Let's break that down, once again, with the current numbers.
But lets go with that $47.5 mil cap space number and consider some basic subtractions:
- Assuming the Packers are drafting at #15, #30, #47 and #79, consider the 2018 cap costs for those picks: $2.4 mil (Colton Miller), $1.8 mil (Mike Hughes) and $1.1 mil (Christian Kirk) and $0.7 mil (Rasheem Green).
- That's a $6 mil subtraction + 7% bump in line with the cap bump = $6.4 mil.
- If nothing else, these numbers under the rookie salary scale, with generally modest escalations over the 4 year rookie contracts (e.g., Miller at $4.3 mil in year 4), illustrate the imperative of stacking good drafts in building a championship caliber team.
- Free agenting one's way to winning will never work.
Now we're at $41.1 mil in cap space for 46 players. More minimum subtractions:
- The cost of filling out the remaining 7 spots with the remaining draftees and UDFAs at $500,000 per player, give or take, is a $3.5 mil subtraction.
- The cost of 10 practice squad guys should come in around $1.4 mil.
- Cap has to be held in reserve for IR replacements. Also, if Gutekunst's shuffling of the bottom of the roster in-season continues, add a little for dead cap. $3 mil would be a prudent minimal number.
Now we're at $33.2 mil to fill out the roster and maintain a minimum reserve before considering FAs.

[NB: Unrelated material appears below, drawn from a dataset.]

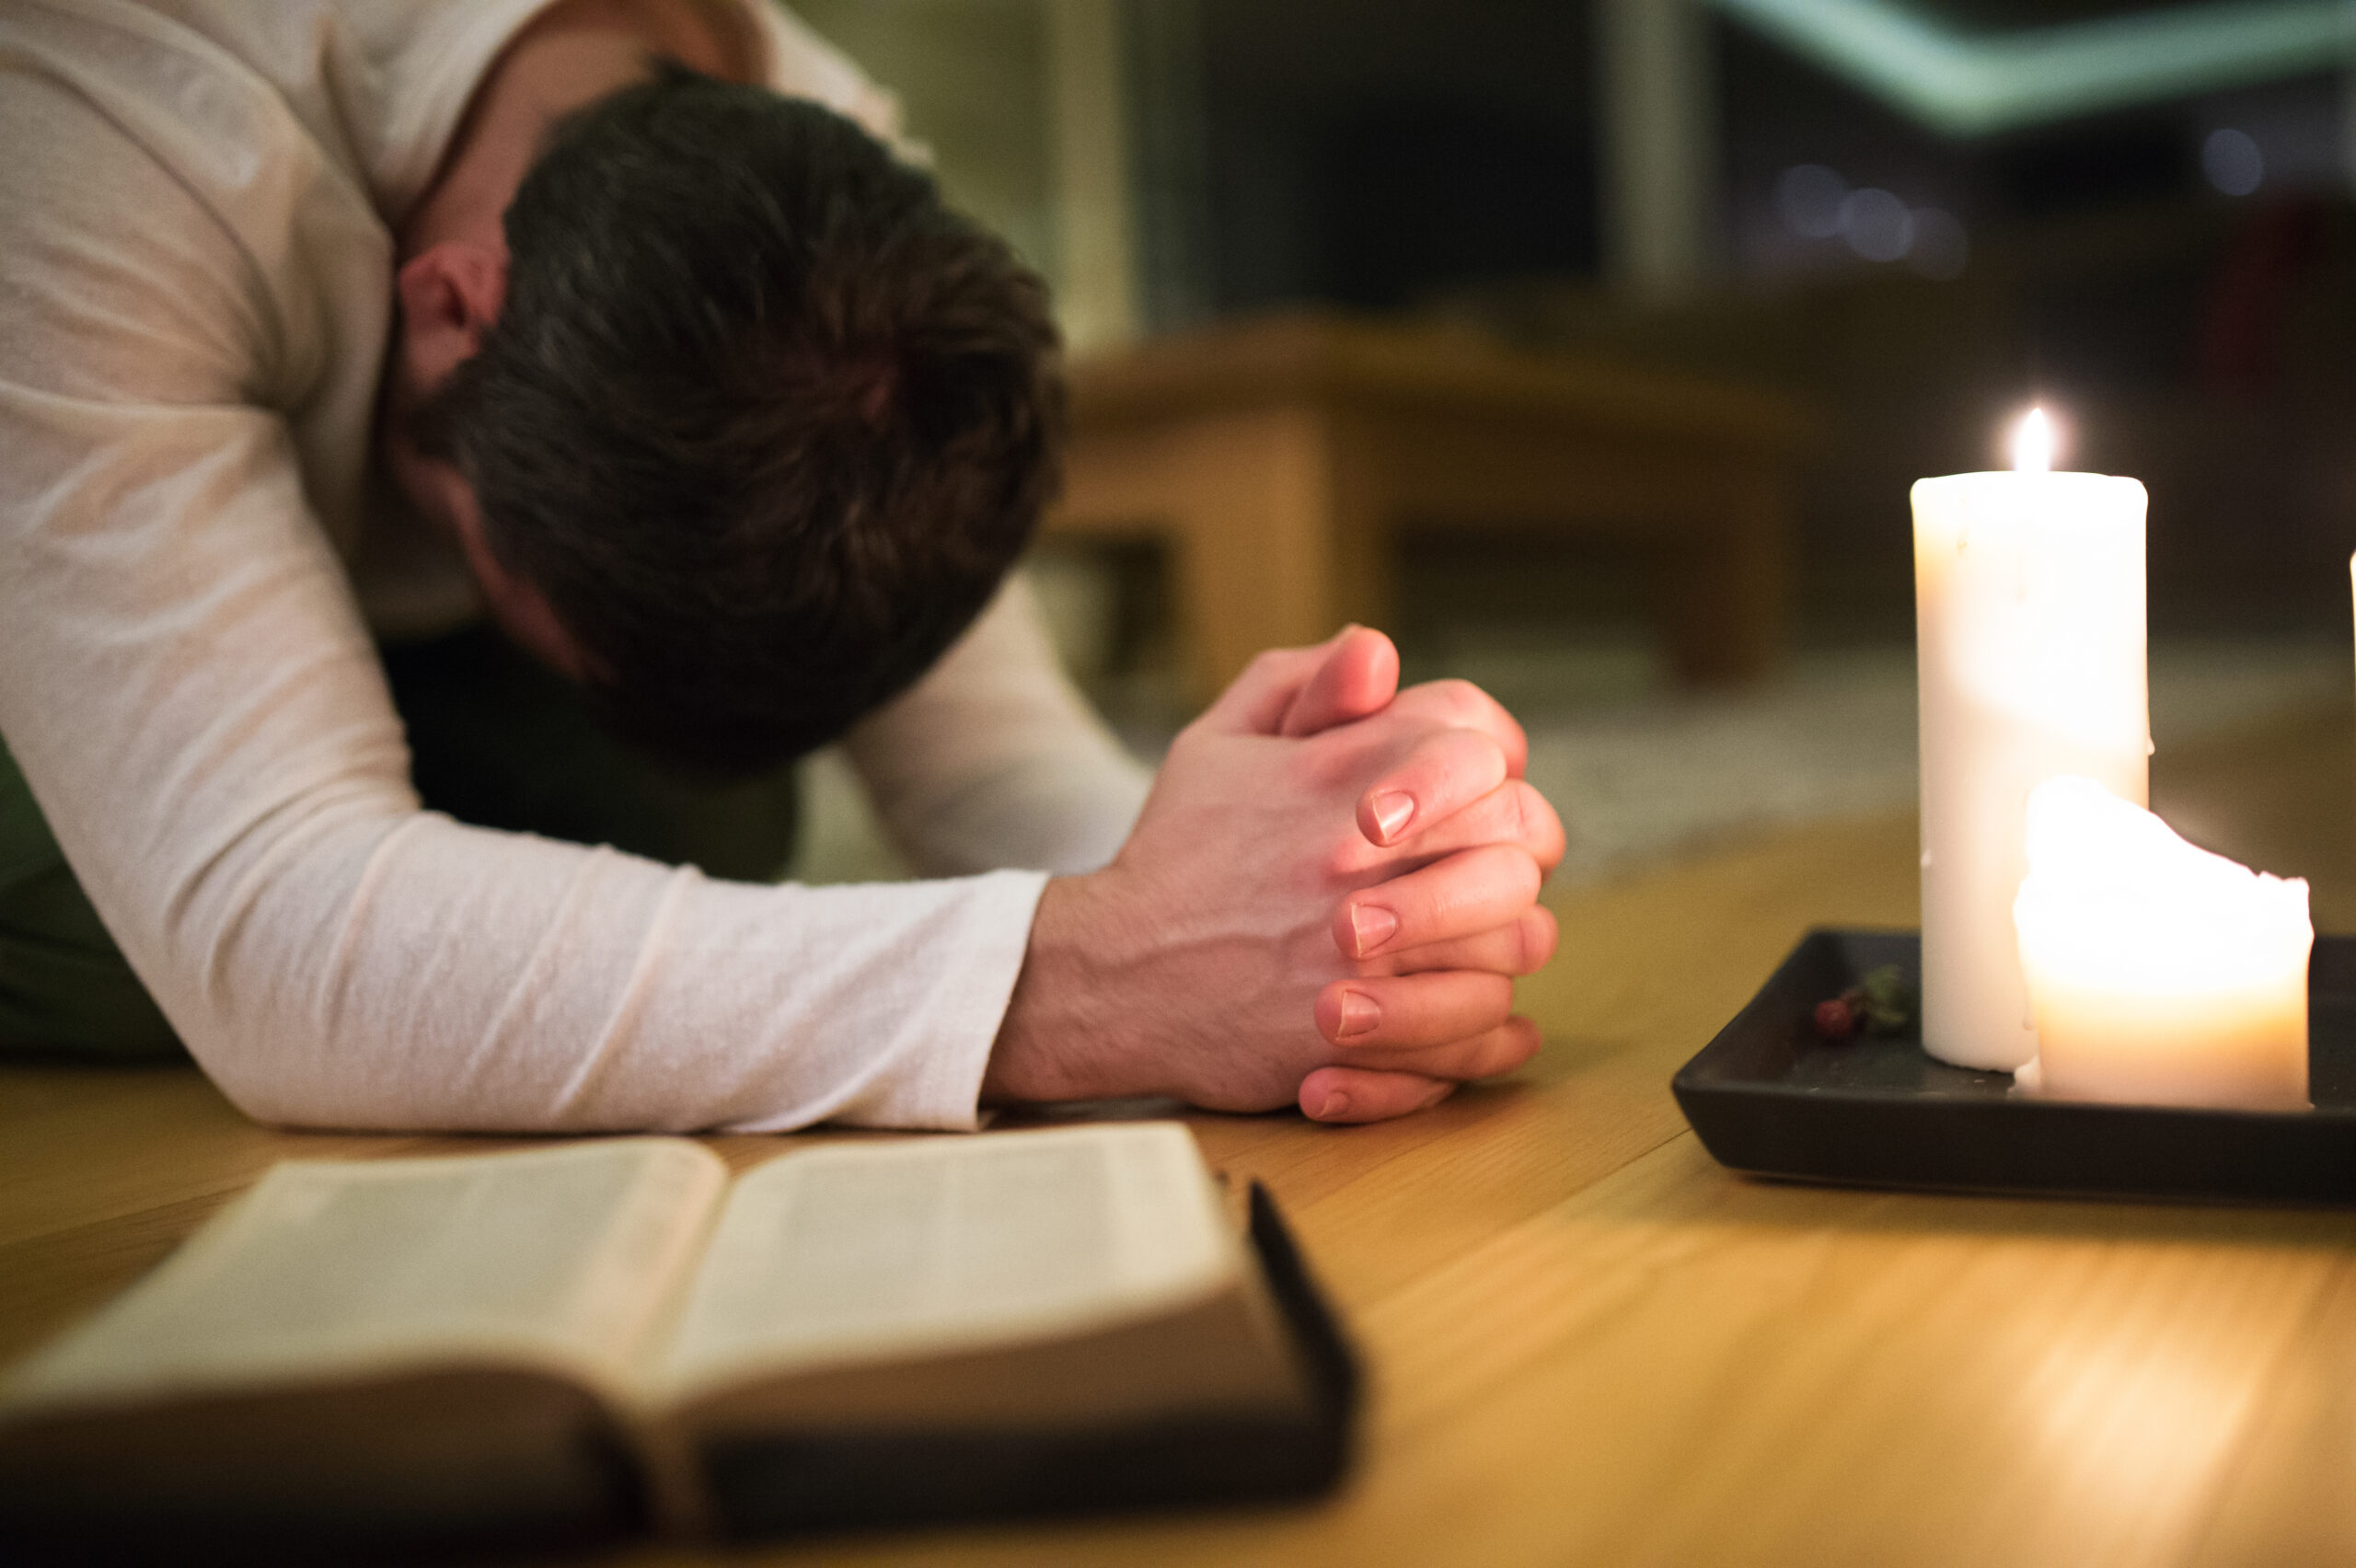 graphicstock unrecognizable young man praying kneeling on the floor hands clasped together bible and burning candles next to him close up rdM7VTOIMW scaled
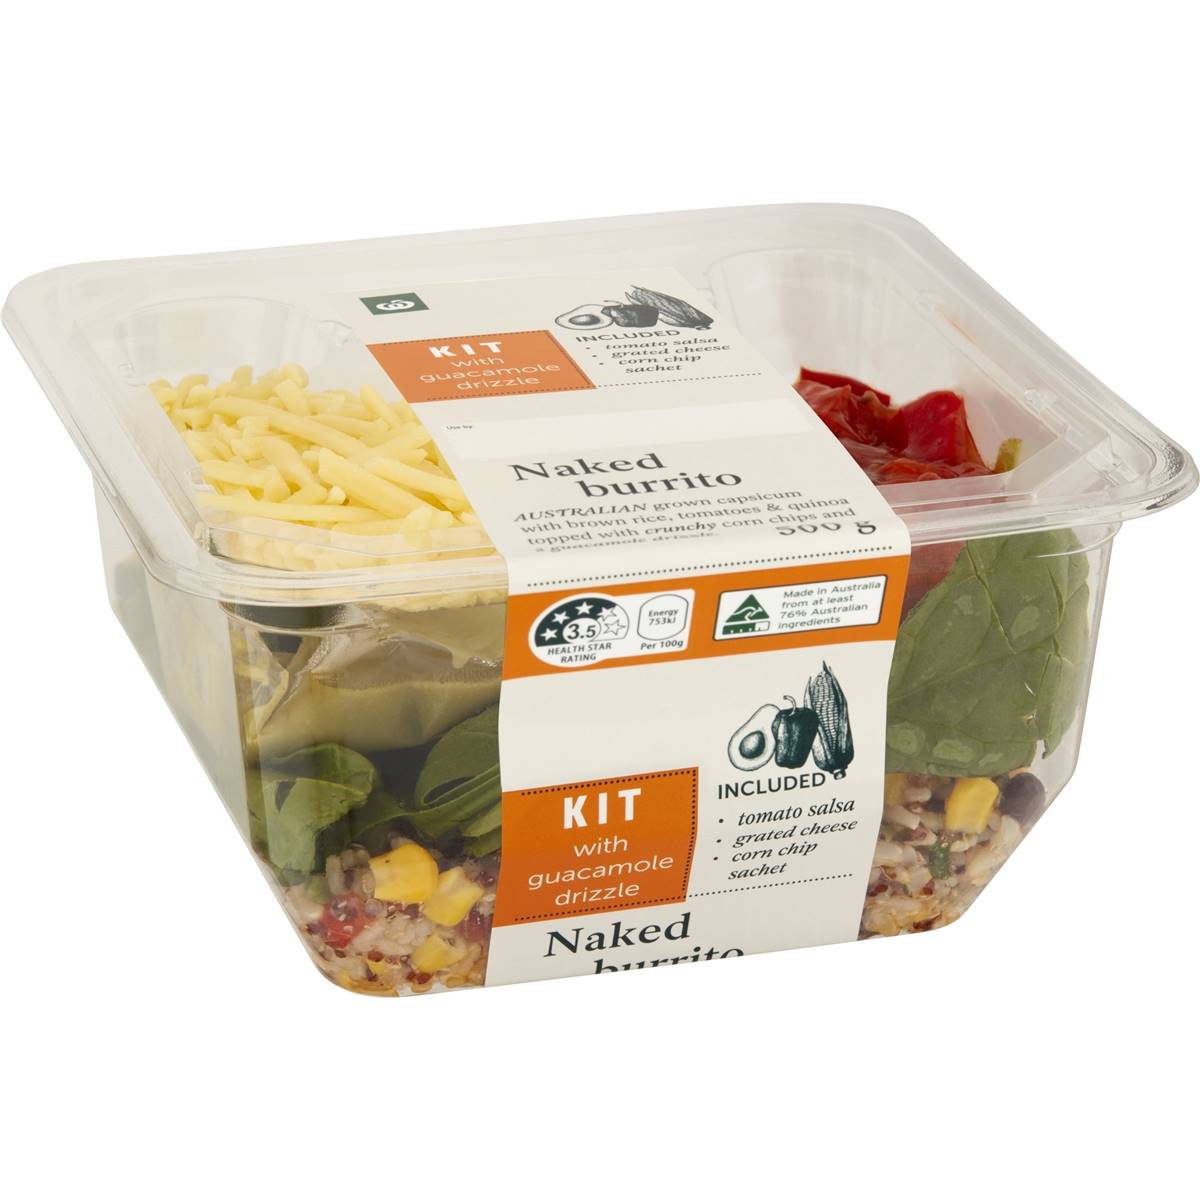 Calories in Woolworths Naked Burrito Kit

But if you spend it all down to the $3 mil in reserve, and you'd like to extend Clark and Martinez before the year is out, you will not have the cap to do that. Make the necessary subtractions for prorated signing bonuses allocated to 2018 for those guys, something like $6 mil, maybe more depending on what Clark commands.
In "tear it down" mode, you could pick up additiona cap space with the following cuts but with more holes to fill:
- Perry: $3.3 mil
- Bulaga: $6.8 mil
- Daniels (in his 2019 contract year): $8.5 mil
There is a long way to go to get to a championship caliber roster with that $47.5 in projected cap space when you consider the list of 42 players under contract at $152 mil for 2019. My prescription is to target 2020 by concentrating spending on a couple of talented second contract free agents at positions of need who, of course, will be quite expensive. Mack money on one player wouldn't and won't fix what is broken.
Gutekunst was headed in this direction, allegedly in the bidding for Allen Robinson and Mack, though I doubt the Mack interest got very far once the costs were revealed, while also making a restricted free agent offer for Fuller. Any one of these signings would have altered other free agent moves, cuts and the draft.
Whether talking about a contract like Graham's or going out and signing some 30 year old guy on the downside of his career, let alone one with an injury history like Earl Thomas (a name that keeps popping up), is throwing good money after bad in an attempt to back and fill into a championship caliber roster. That doesn't work unless you've already stacked drafts, have decent depth for injury coverage and rotation, and are looking to back and fill a couple of holes or add some missing impact component. Those 42 players under contract for 2019 do not come close.
If McCarthy is going to be canned it should happen pretty quickly after the end of the season. Bringing in a new head coach I would take as an acknowlegment that one more year of draft and FA is not going to fix what's broken.